### Your task
Using the data below, output a verbatim copy of the lines between the one holding "La pareja 9" and the one holding "Trieste: Vinprovning från", inclusive, without any pictures.

### Material to process
>>>>>

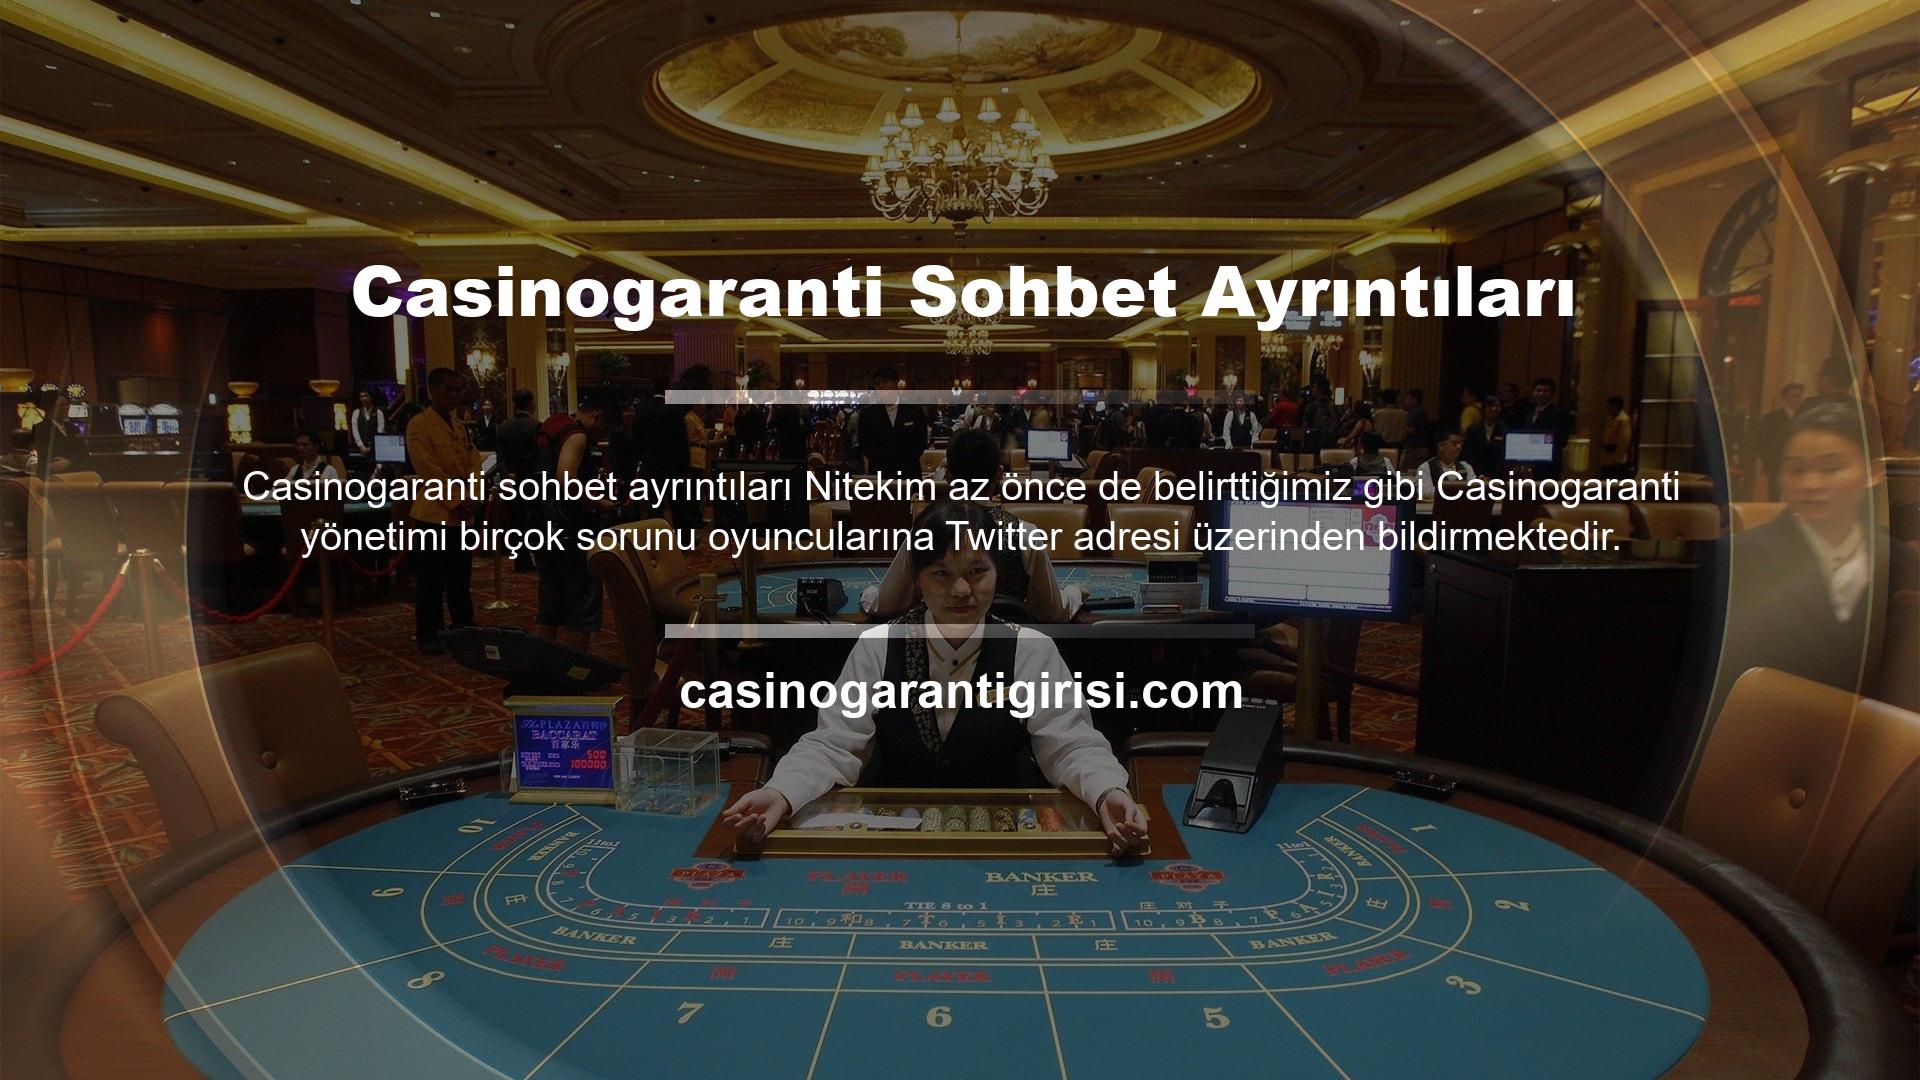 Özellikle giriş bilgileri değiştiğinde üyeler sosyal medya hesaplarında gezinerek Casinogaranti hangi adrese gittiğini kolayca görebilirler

<<<<<
>>>>>

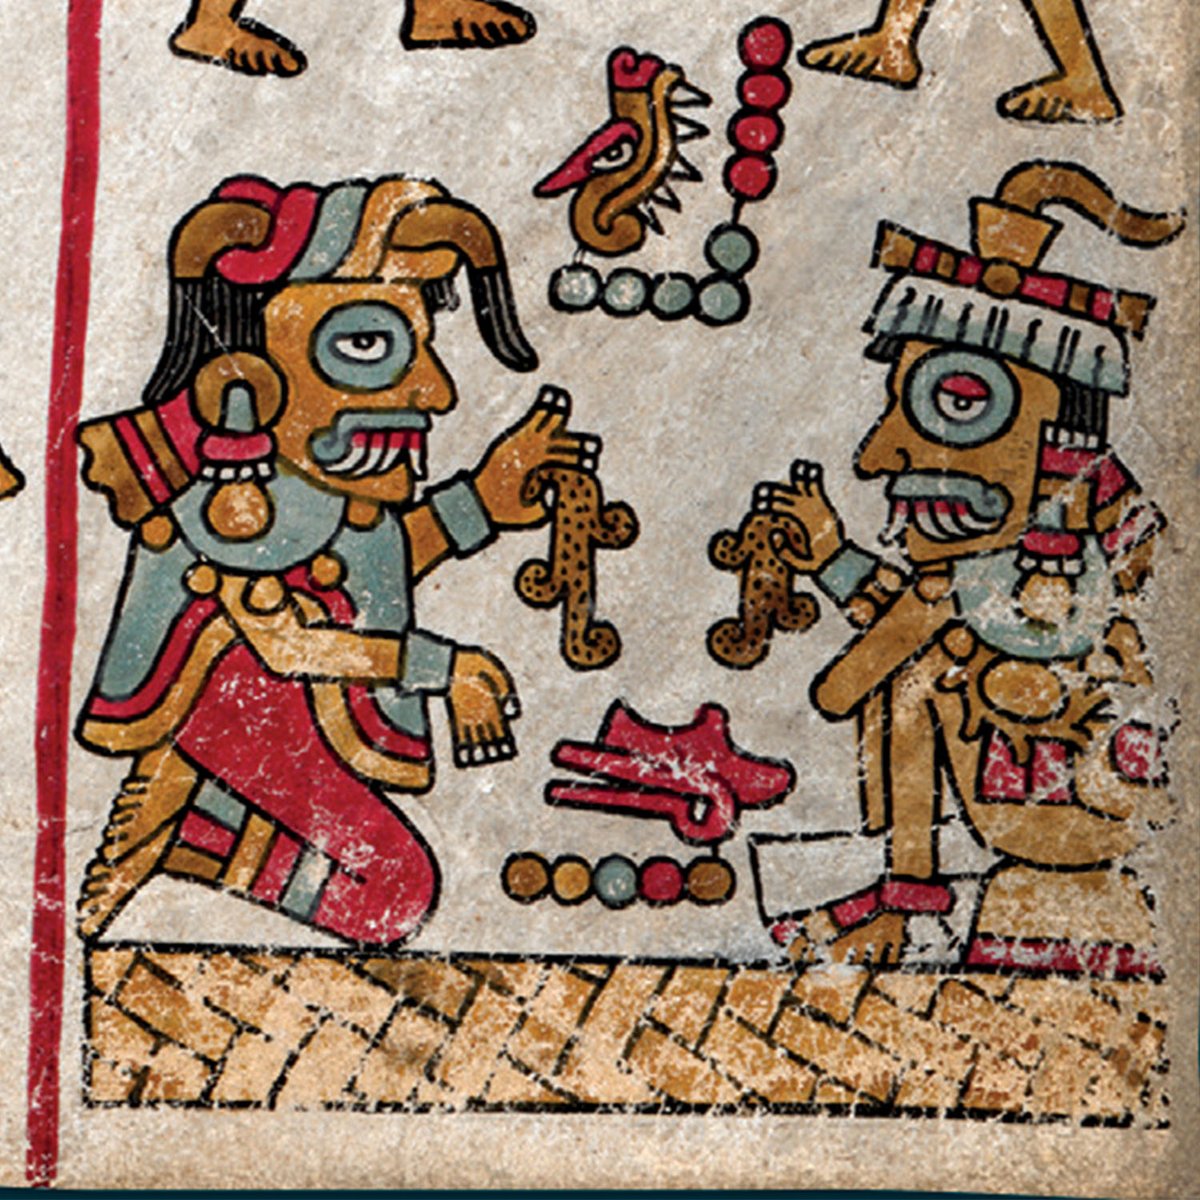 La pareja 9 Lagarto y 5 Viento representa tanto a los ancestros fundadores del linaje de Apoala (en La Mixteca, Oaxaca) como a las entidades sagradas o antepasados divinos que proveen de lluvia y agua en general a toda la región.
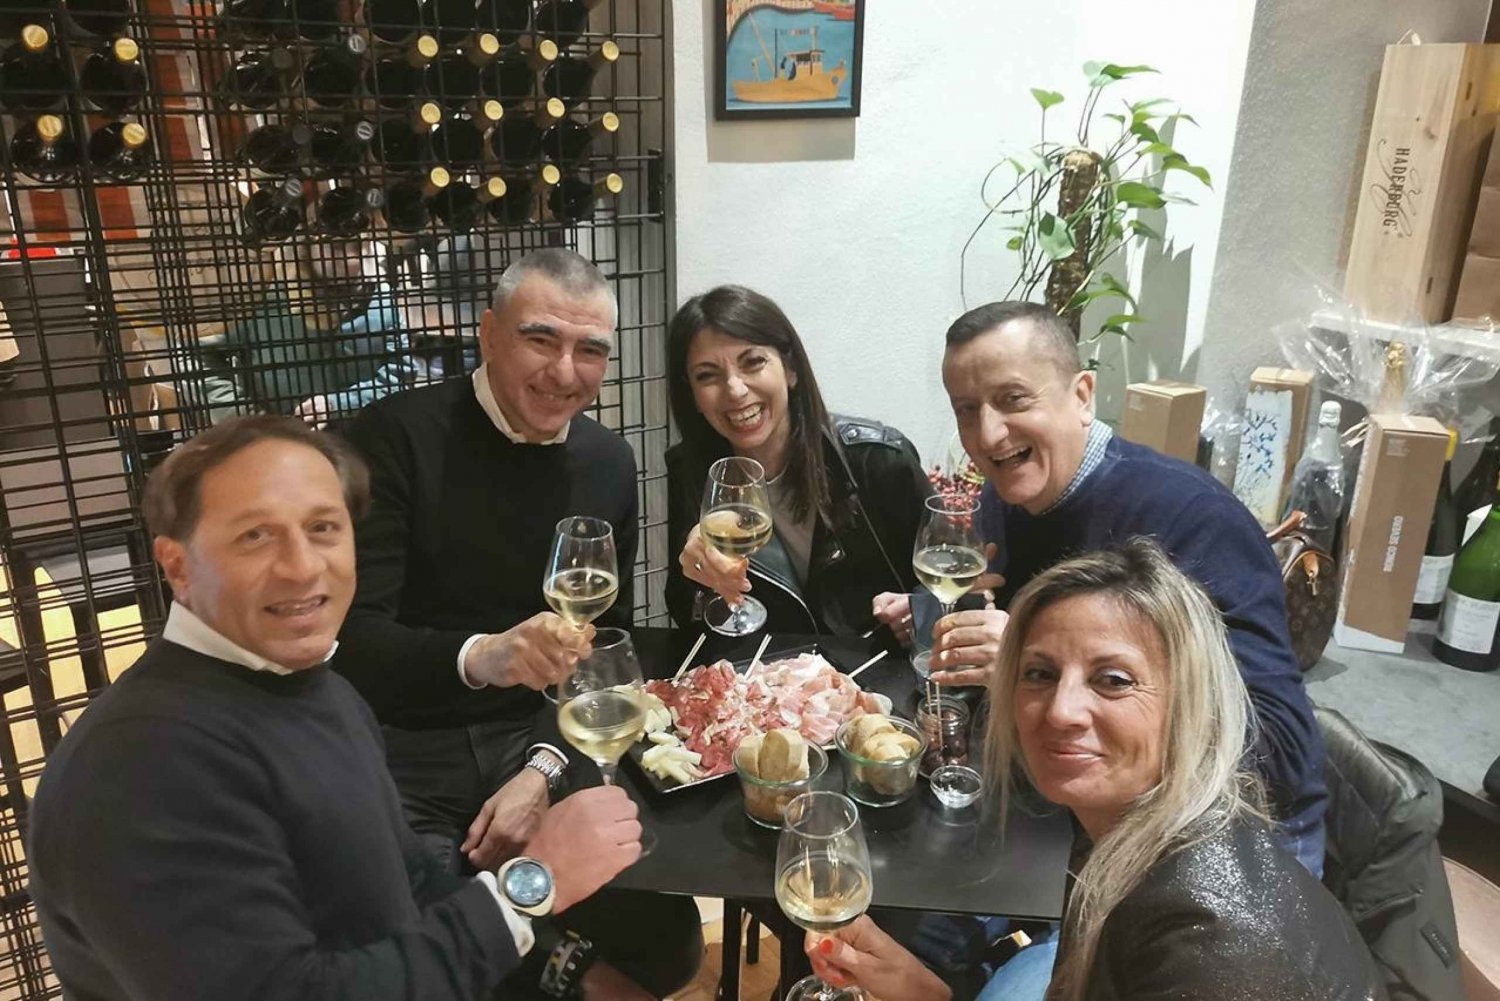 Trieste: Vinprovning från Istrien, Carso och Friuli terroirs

<<<<<

### Answer box
 La pareja 9 Lagarto y 5 Viento representa tanto a los ancestros fundadores del linaje de Apoala (en La Mixteca, Oaxaca) como a las entidades sagradas o antepasados divinos que proveen de lluvia y agua en general a toda la región.
 Trieste: Vinprovning från Istrien, Carso och Friuli terroirs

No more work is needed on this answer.